Effect of Hypokalemic Alkalosis on NBCn2 Expression in the Kidney

Potassium depletion causes hypokalemic alkalosis, presumably by stimulating the production and secretion of NH₄⁺ in PTs.^27,28 Indeed, potassium depletion substantially increases the abundance of NHE3 in rat kidneys.²⁹

Here, we find that potassium depletion for 2 weeks decreases MCDL-NBCn2 abundance by approximately 45% (P<0.03; Figure 7G) but increases NHE3 expression by approximately 121% in the rat kidney (P<0.01; Figure 7H). Our hypokalemic data provide a third example of an inverse relationship between the regulation of MCDL-NBCn2 and NHE3 expression.

Discussion

In rats, the Slc4a10 gene can give rise to multiple NBCn2 variants that fall into two major groups. Depending on the usage of different promoters,¹⁵ the extreme Nt of these variants can begin either with MCDL (NBCn2-E/F/G/H) or MEIK (NBCn2-A/B/C/D). In the MCDL group, the rat kidney mainly expresses NBCn2-G, and in the MEIK group, it expresses mainly NBCn2-C.^14,15 Here, we find that MCDL-NBCn2 and MEIK-NBCn2 exhibit distinct tissue and subcellular distributions in rat kidney, with MCDL-NBCn2 being localized in the apical membrane of PTs, and MEIK-NBCn2 localized in the BLM of mTALs and IMCDs.

The basolateral localization of MEIK-NBCn2 in the mTAL parallels that of NBCn1.^24,30 Because NBCn1 contributes to NH₄⁺ reabsorption in the mTAL, MEIK-NBCn2 likely does the same.

The apical localization of MCDL-NBCn2 in PTs suggests that the cell can directly reclaim HCO₃⁻ per se or a related species (e.g., CO₃⁼ or NaCO₃^–)—collectively referred to as “HCO₃⁻” hereafter—across the apical membrane of the PT. Figure 8 summarizes our new model for the molecular mechanisms underlying HCO₃⁻ reclamation in the PT. We propose that the apical membrane of PTs reclaims HCO₃⁻ by two distinct strategies: the conventional indirect CO₂ pathway 1 and the novel HCO₃⁻ pathway 4 (Figure 8).

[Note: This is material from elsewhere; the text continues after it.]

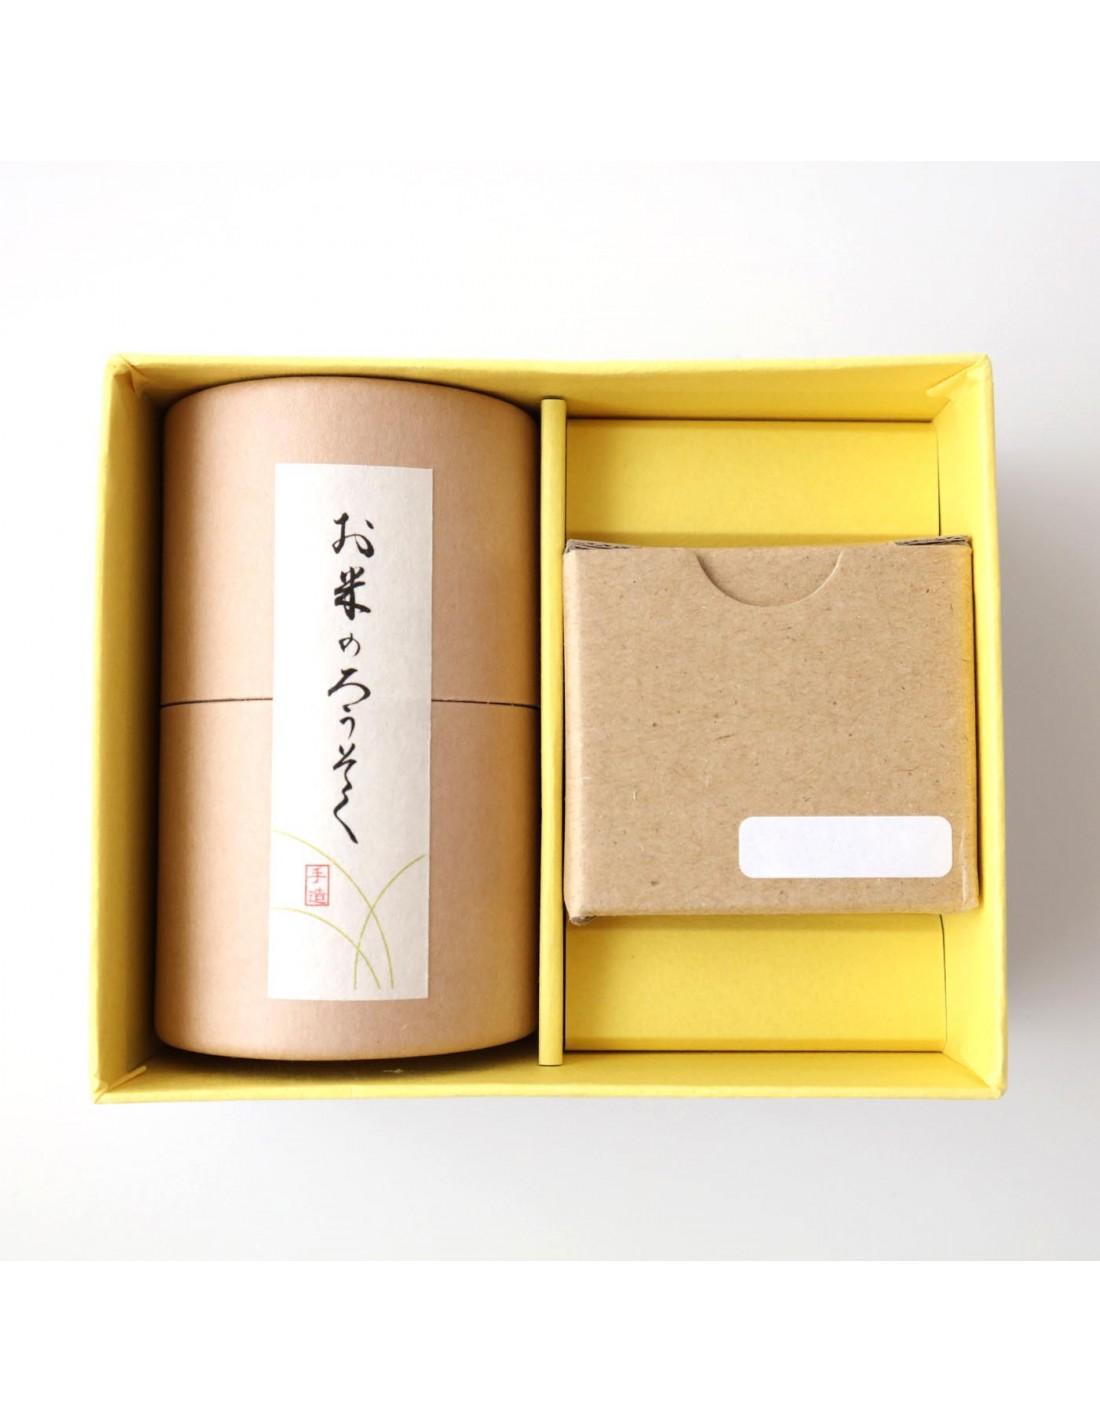 Reiswachskerzen Geschenkbox

The conventional CO₂ pathway couples HCO₃⁻ reclamation to proton secretion by apical NHE3 and vacuolar H⁺ pump, thereby generating CO₂ and H₂O, which then diffuse across the apical membrane for eventual reconstruction of the original HCO₃⁻ in the cytosol of the PT cell. In contrast, the HCO₃⁻ pathway moves luminal HCO₃⁻ directly into the cytosol of the epithelia. Although not shown in Figure 8, the direct uptake of HCO₃⁻ from the lumen would also indirectly generate luminal H⁺ for the titration of other luminal buffers (Supplemental Figure 2). In a steady state, the sum of apical fluxes of CO₂ (J_CO2^AP) and HCO₃⁻ (J_HCO3^AP) represents the total disappearance of HCO₃⁻ from PT lumen. As noted in the Introduction, the PT retains approximately 20% of its J_HCO3 even after disruption/inhibition of both NHE3 and proton pump. We propose that the apical NBCn2 accounts for this remaining J_HCO3.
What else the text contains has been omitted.